• What you are asked to do: All lines from the one containing "Le cadeau bicentenaire" to the end of the listing below should be output exactly; omit the pictures.

• Information provided:
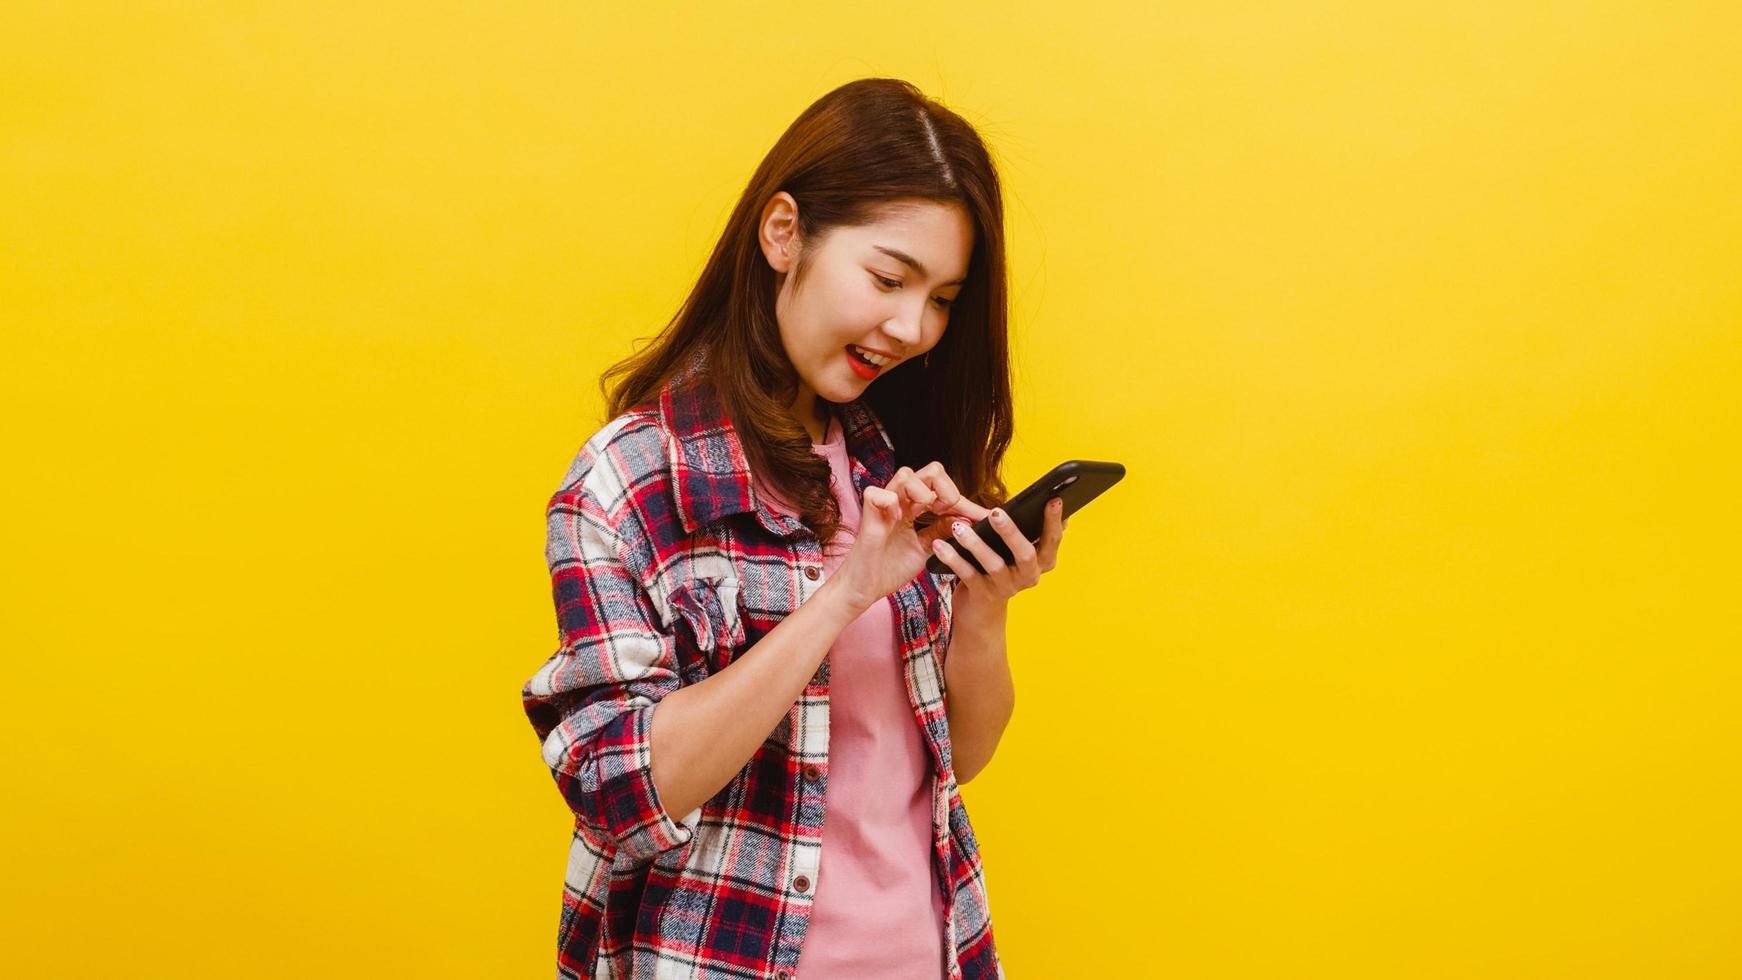 femme asiatique utilisant un téléphone avec une expression positive, sourit largement. photo
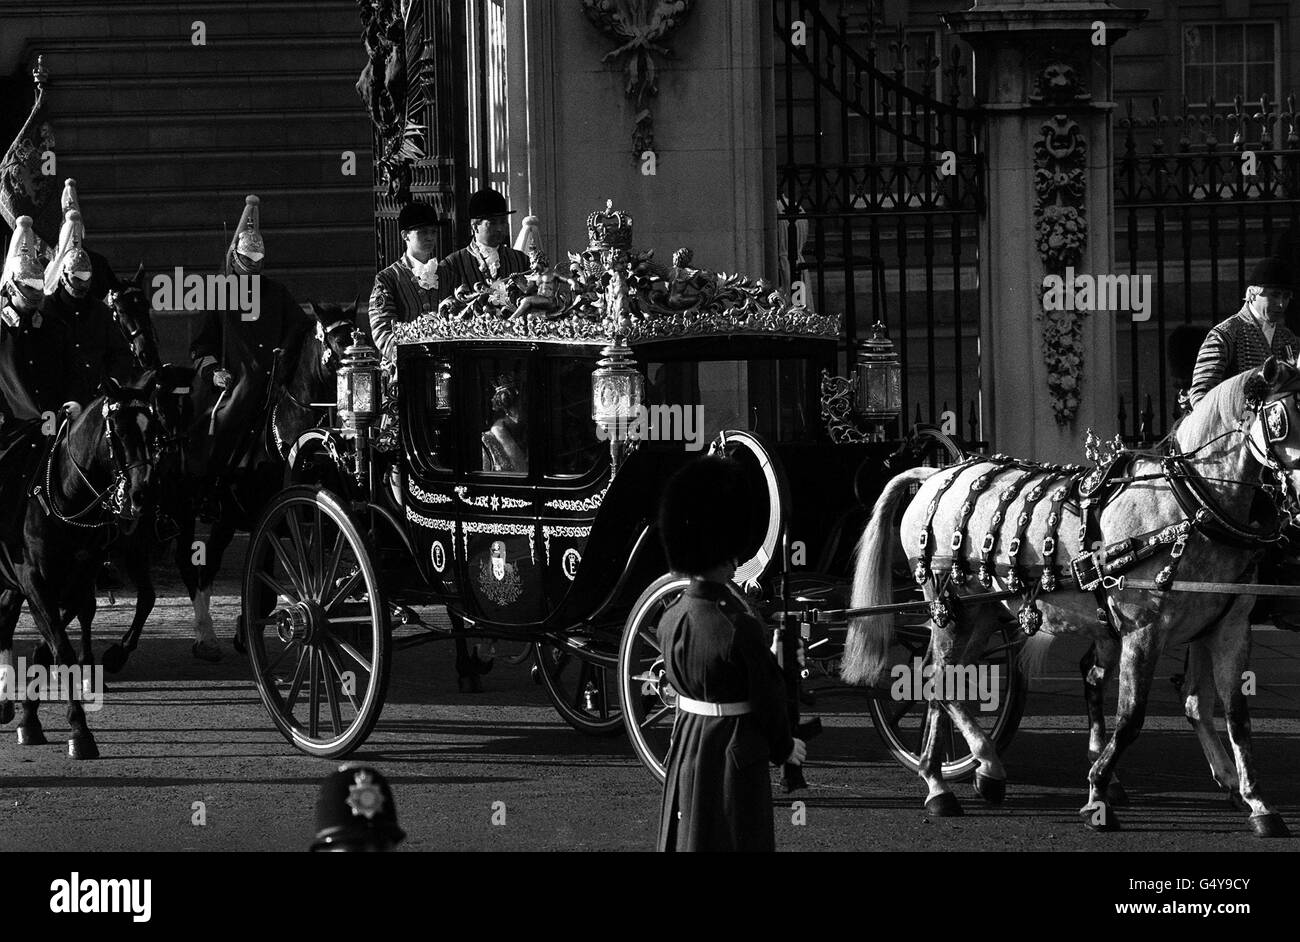 Le cadeau bicentenaire de l'Australie, le nouvel entraîneur d'État australien de 120,000, qui quitte le palais de Buckingham pour prendre la reine Elizabeth II et le duc d'Édimbourg à l'ouverture d'État du Parlement. L'entraîneur est le premier nouvel entraîneur de la famille royale depuis 1910. L'autocar a des fenêtres à commande électrique, et est le premier wagon royal à être construit en dehors de la Grande-Bretagne. Banque D'Images
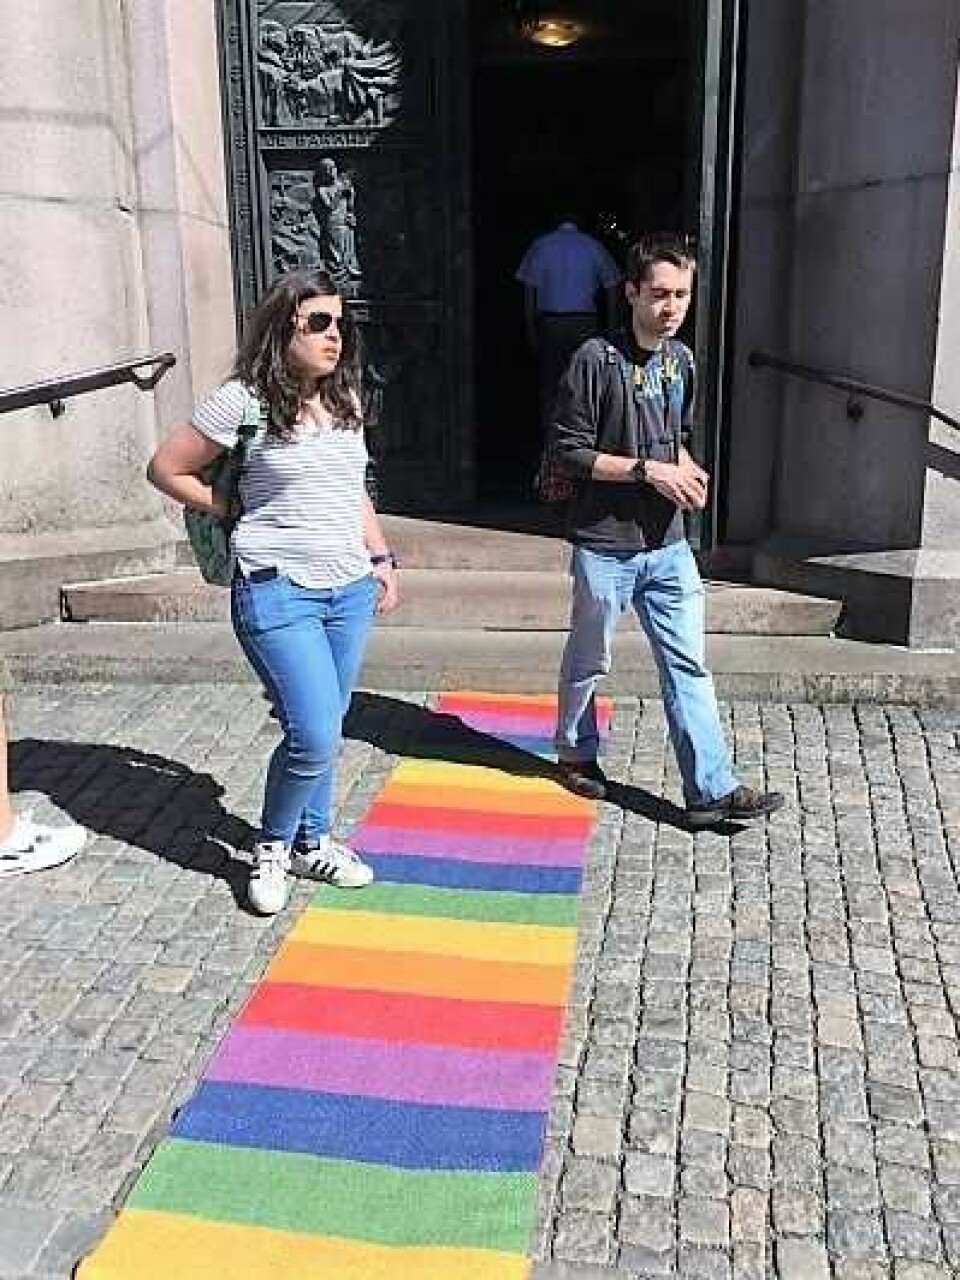 Den røde løperen var skiftet ut med en regnbuesløper under gudstjenesten i Domkirken da Oslo Pride ble arrangert. Foto: Kjersti Opstad
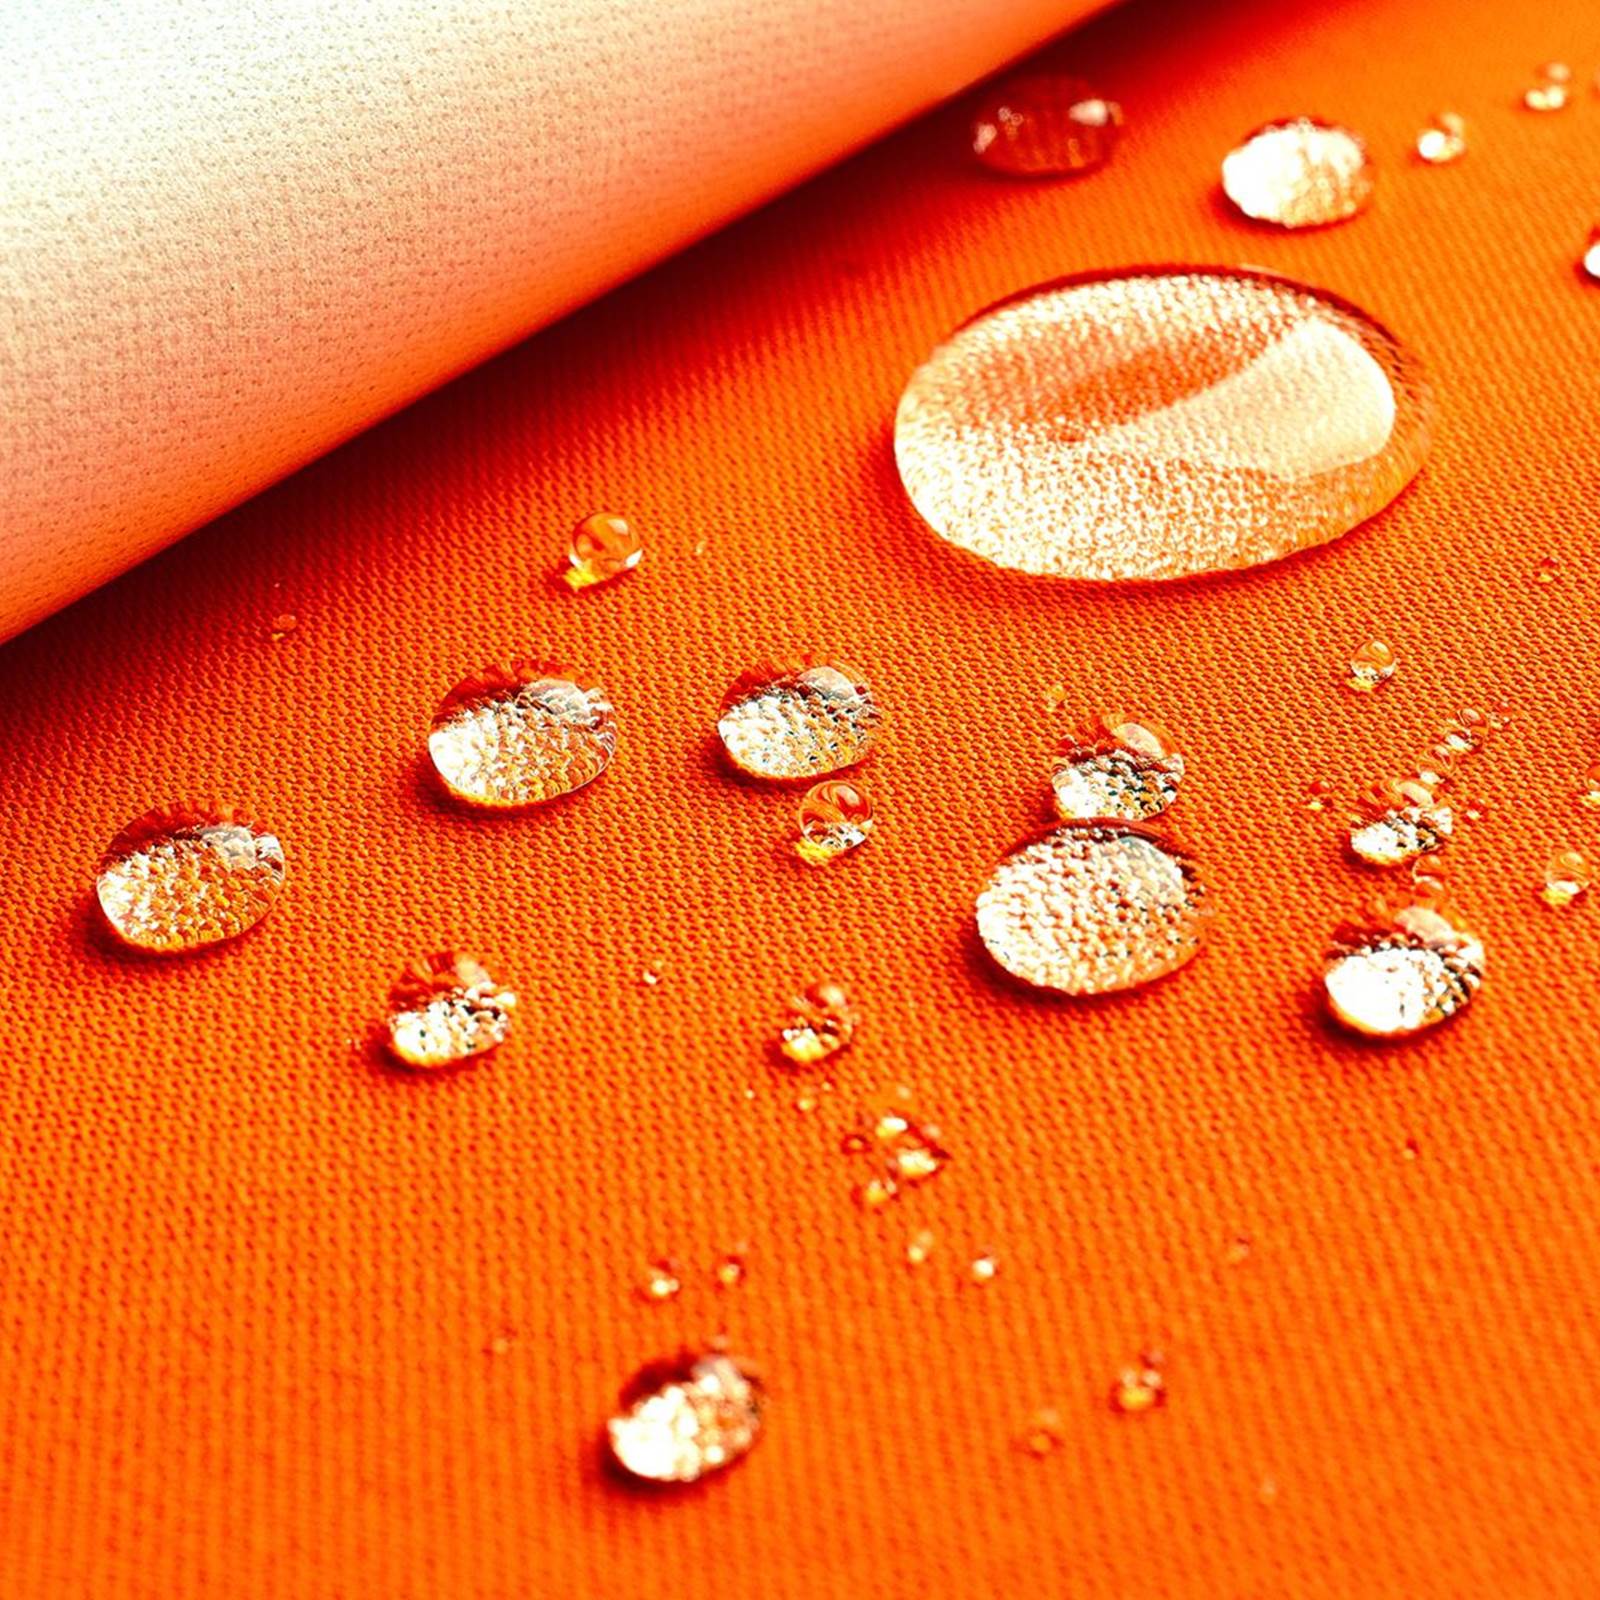 Greta - tissu supérieur laminé coupe-vent, imperméable, thermoactif - orange néon
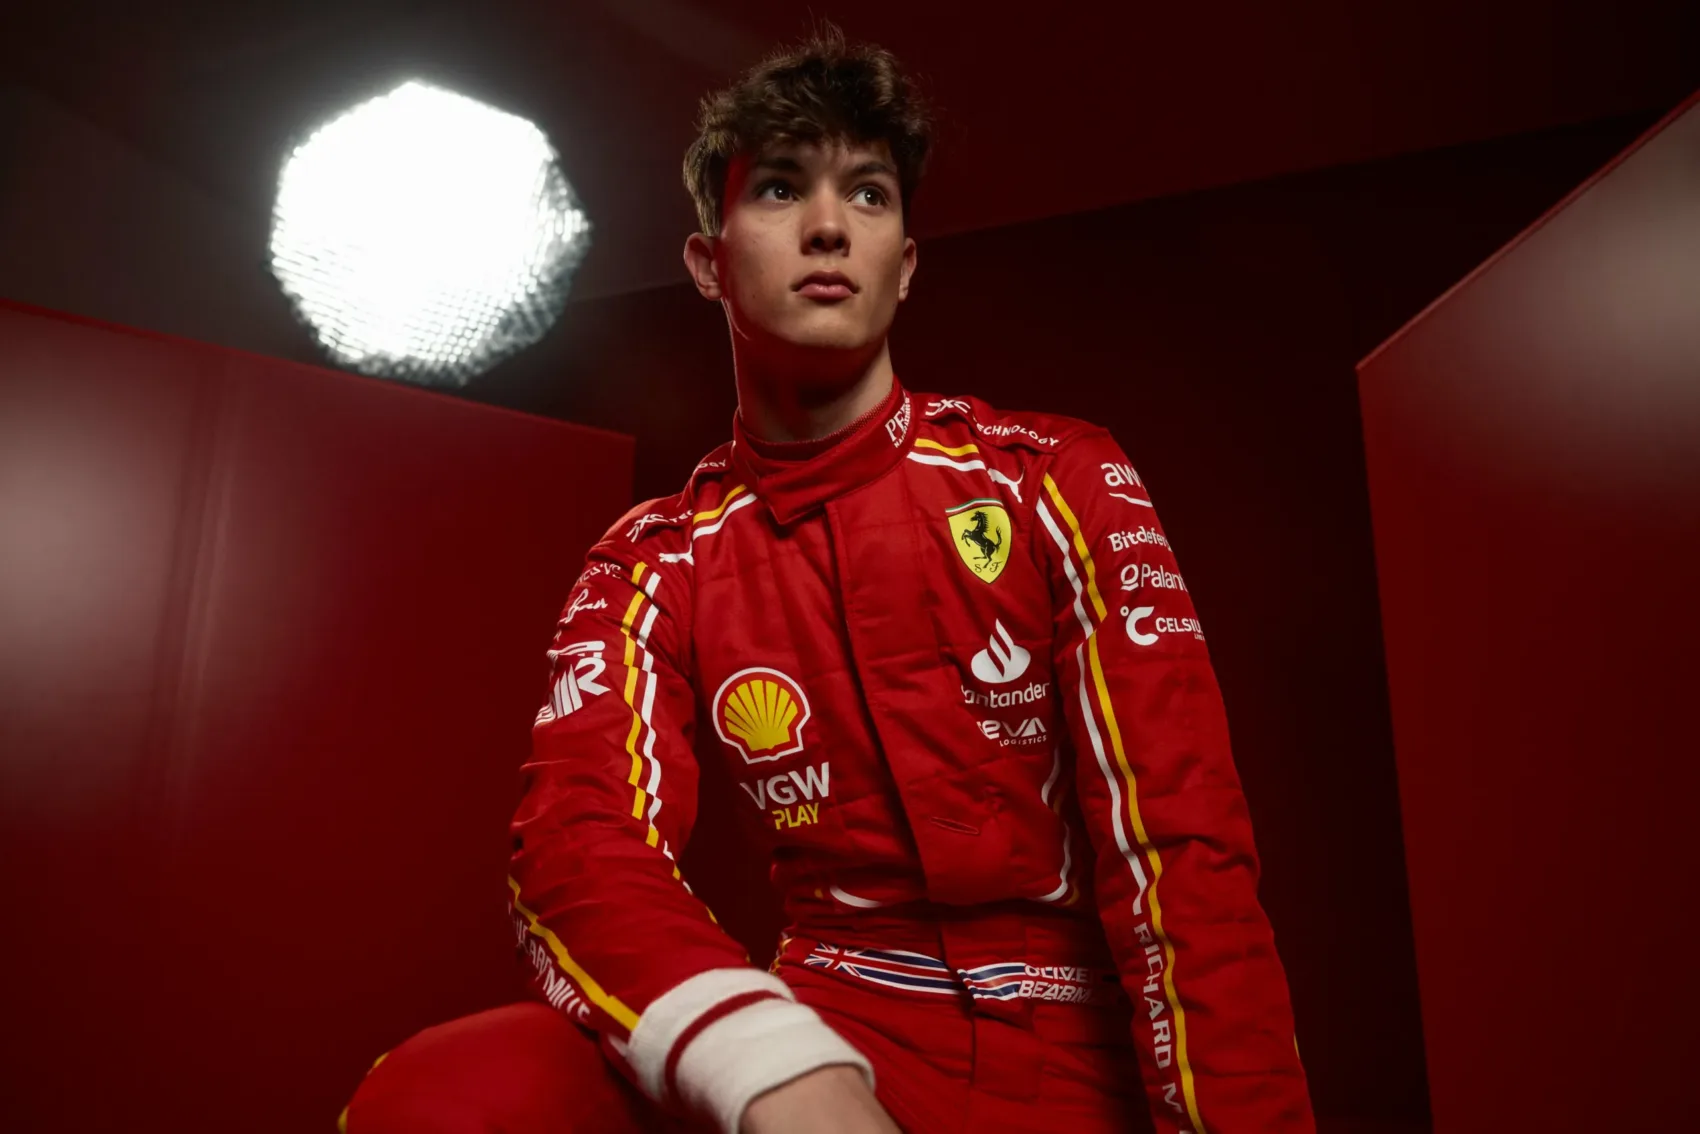 18 éves csodagyerek megdönti a Ferrari rekordját az F1-ben

• Solution to the problem:
 Le cadeau bicentenaire de l'Australie, le nouvel entraîneur d'État australien de 120,000, qui quitte le palais de Buckingham pour prendre la reine Elizabeth II et le duc d'Édimbourg à l'ouverture d'État du Parlement. L'entraîneur est le premier nouvel entraîneur de la famille royale depuis 1910. L'autocar a des fenêtres à commande électrique, et est le premier wagon royal à être construit en dehors de la Grande-Bretagne. Banque D'Images
 Den røde løperen var skiftet ut med en regnbuesløper under gudstjenesten i Domkirken da Oslo Pride ble arrangert. Foto: Kjersti Opstad
 Greta - tissu supérieur laminé coupe-vent, imperméable, thermoactif - orange néon
 18 éves csodagyerek megdönti a Ferrari rekordját az F1-ben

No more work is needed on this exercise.